▶ Exercise aim: The required output is the run of lines from the one holding "Diese Frisuren können" through the final line of the listing, restated word for word, with no pictures.

▶ Information supplied:

+---+

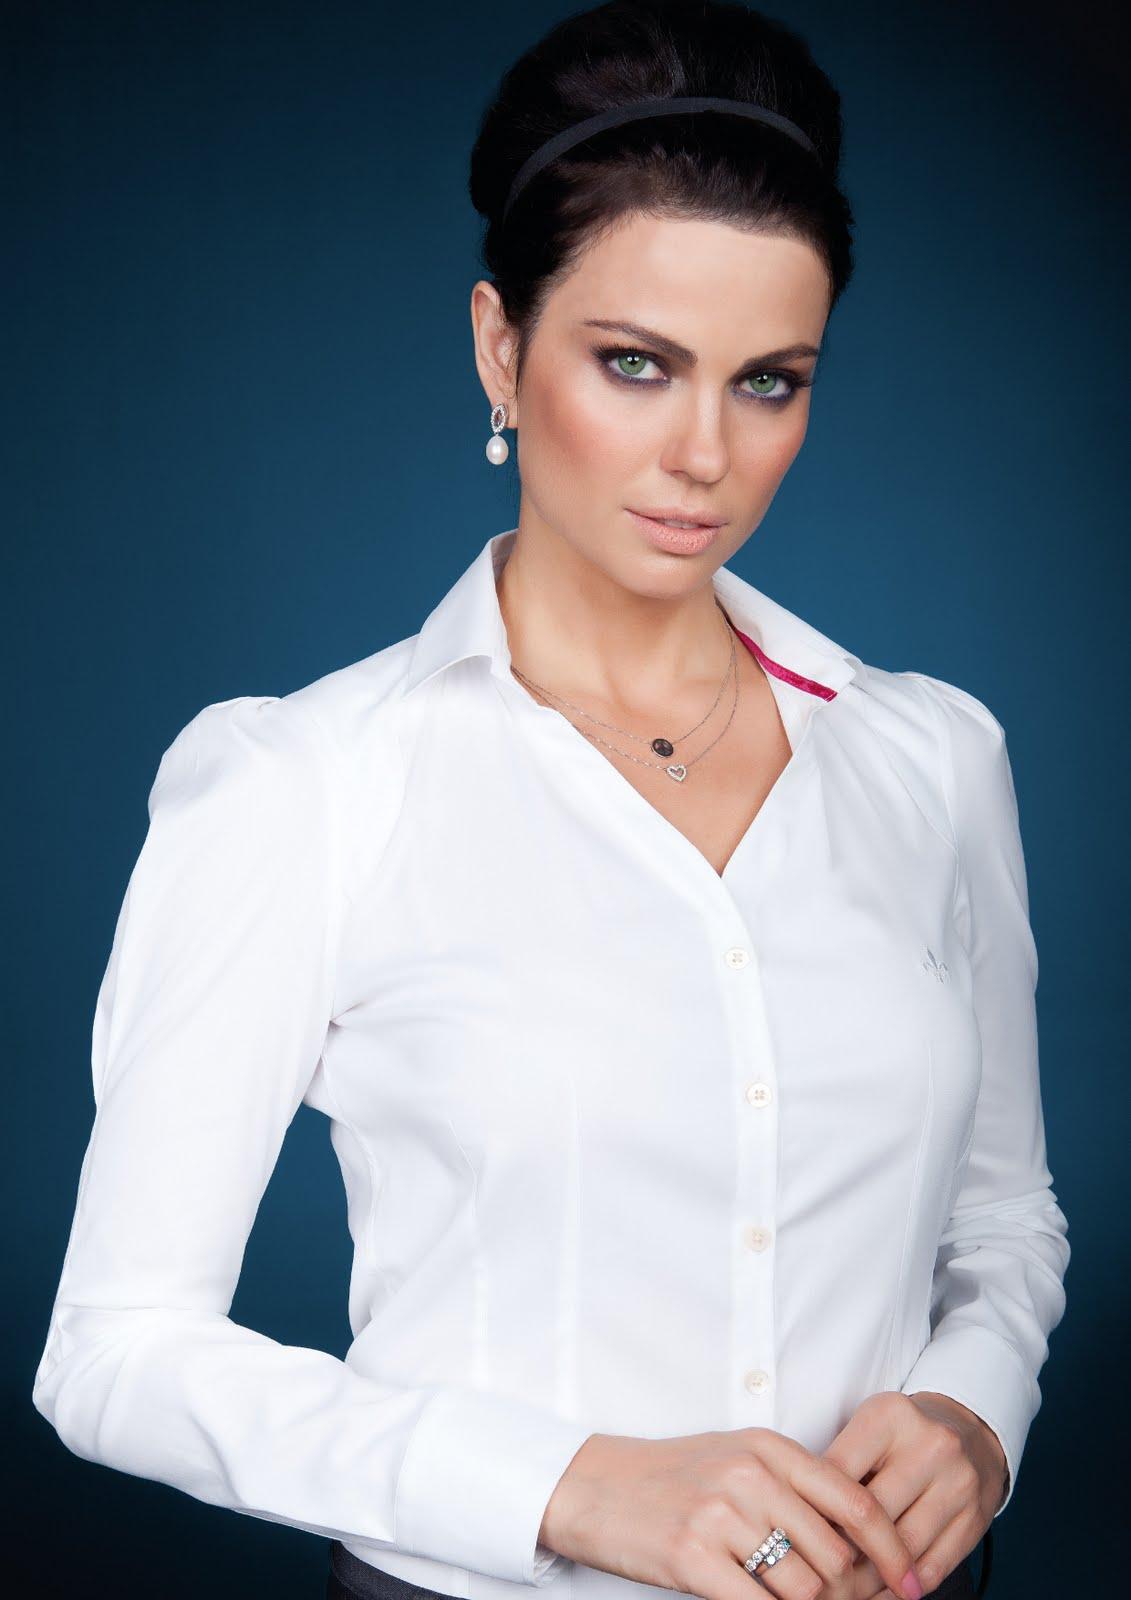 Camisas Femininas Dudalina db44c9a41f380
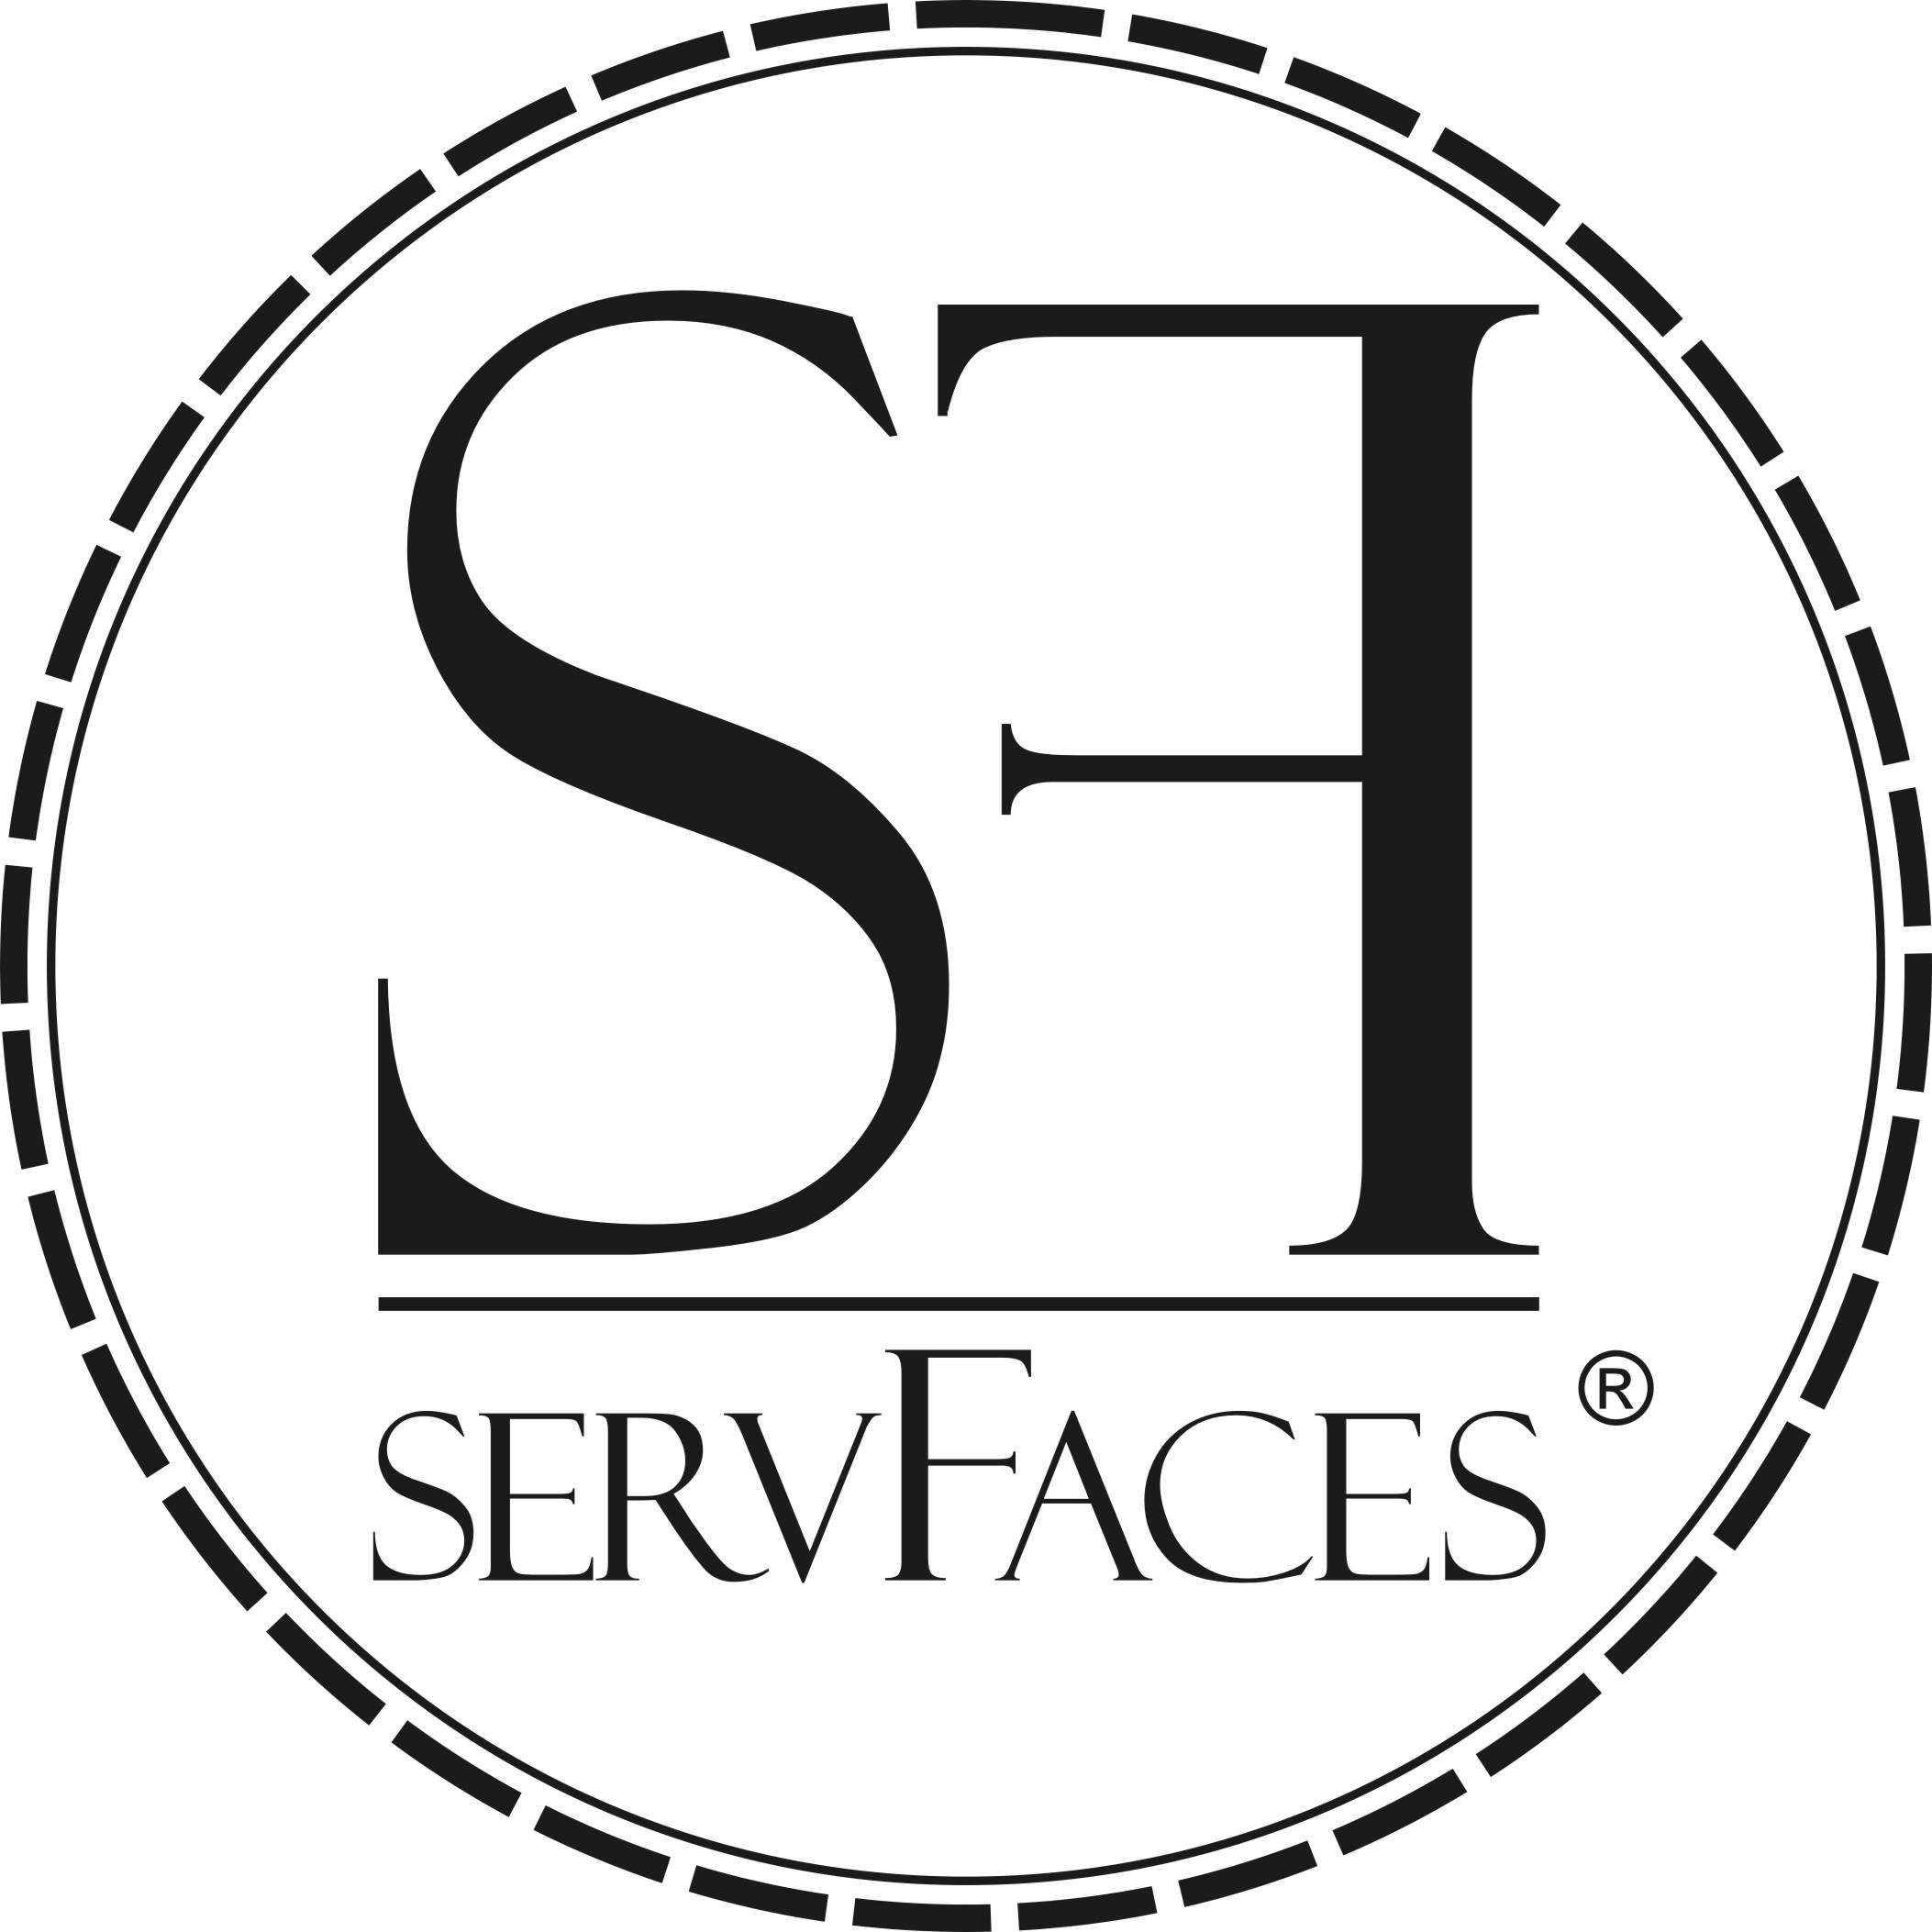 servFaces
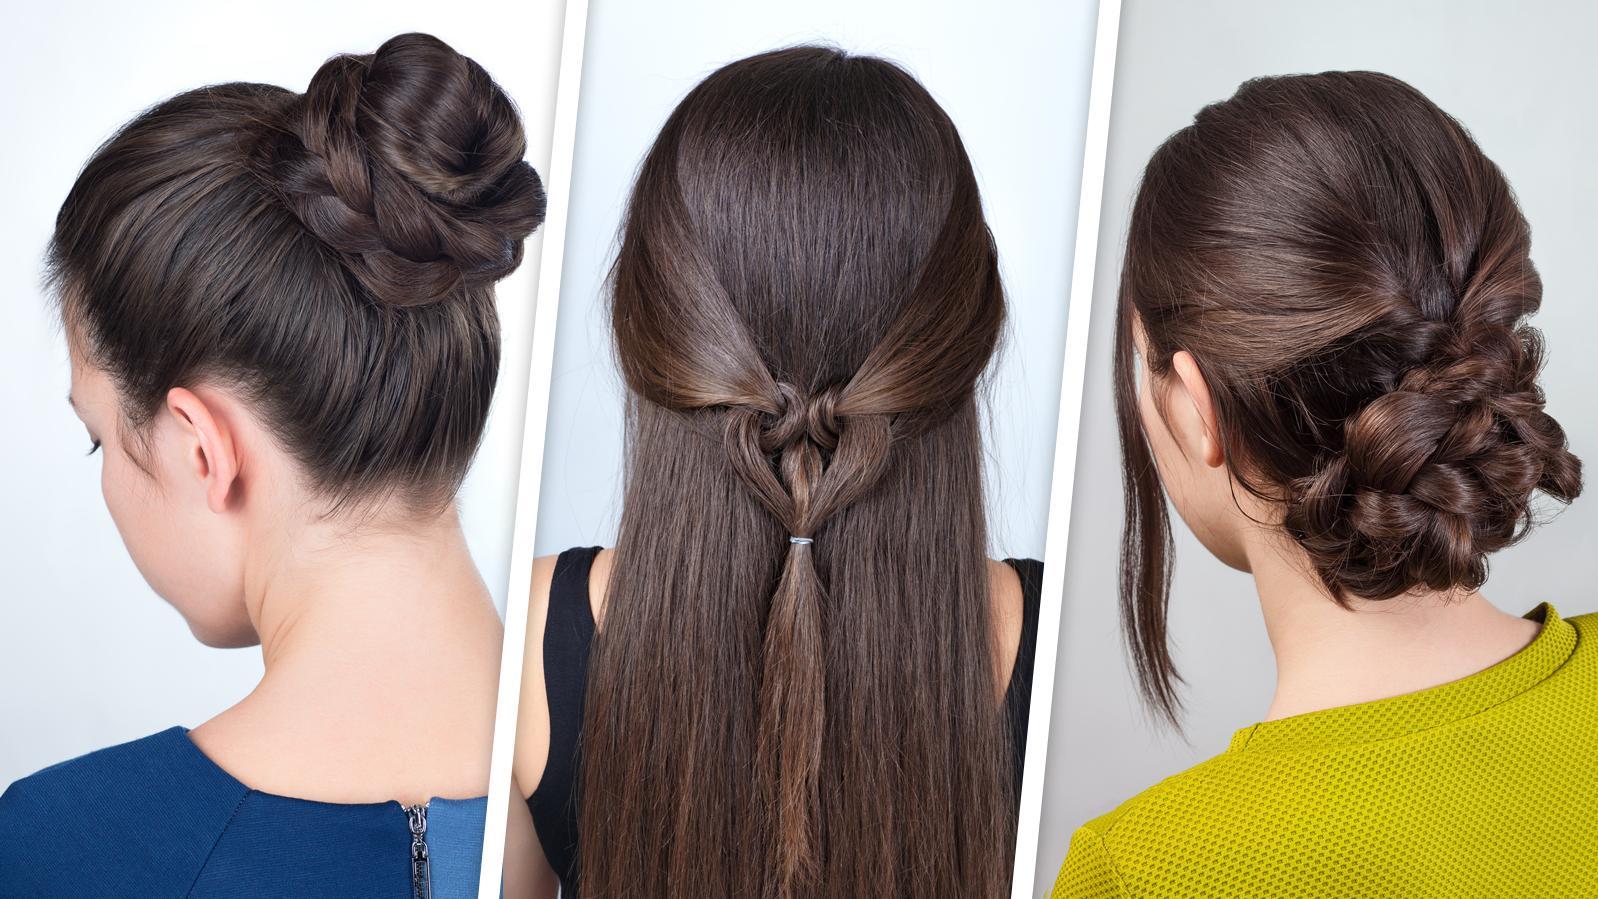 Diese Frisuren können Sie ganz einfach nachmachen!
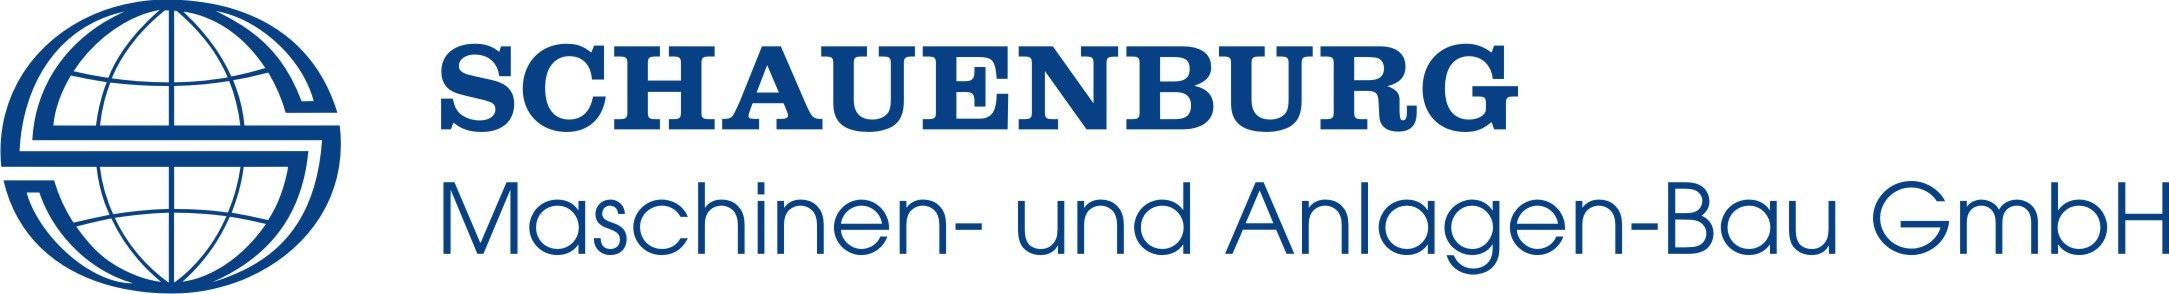 Schauenburg Maschinen-und Anlagen-Bau GMBH

+---+

▶ Expected output:
 Diese Frisuren können Sie ganz einfach nachmachen!
 Schauenburg Maschinen-und Anlagen-Bau GMBH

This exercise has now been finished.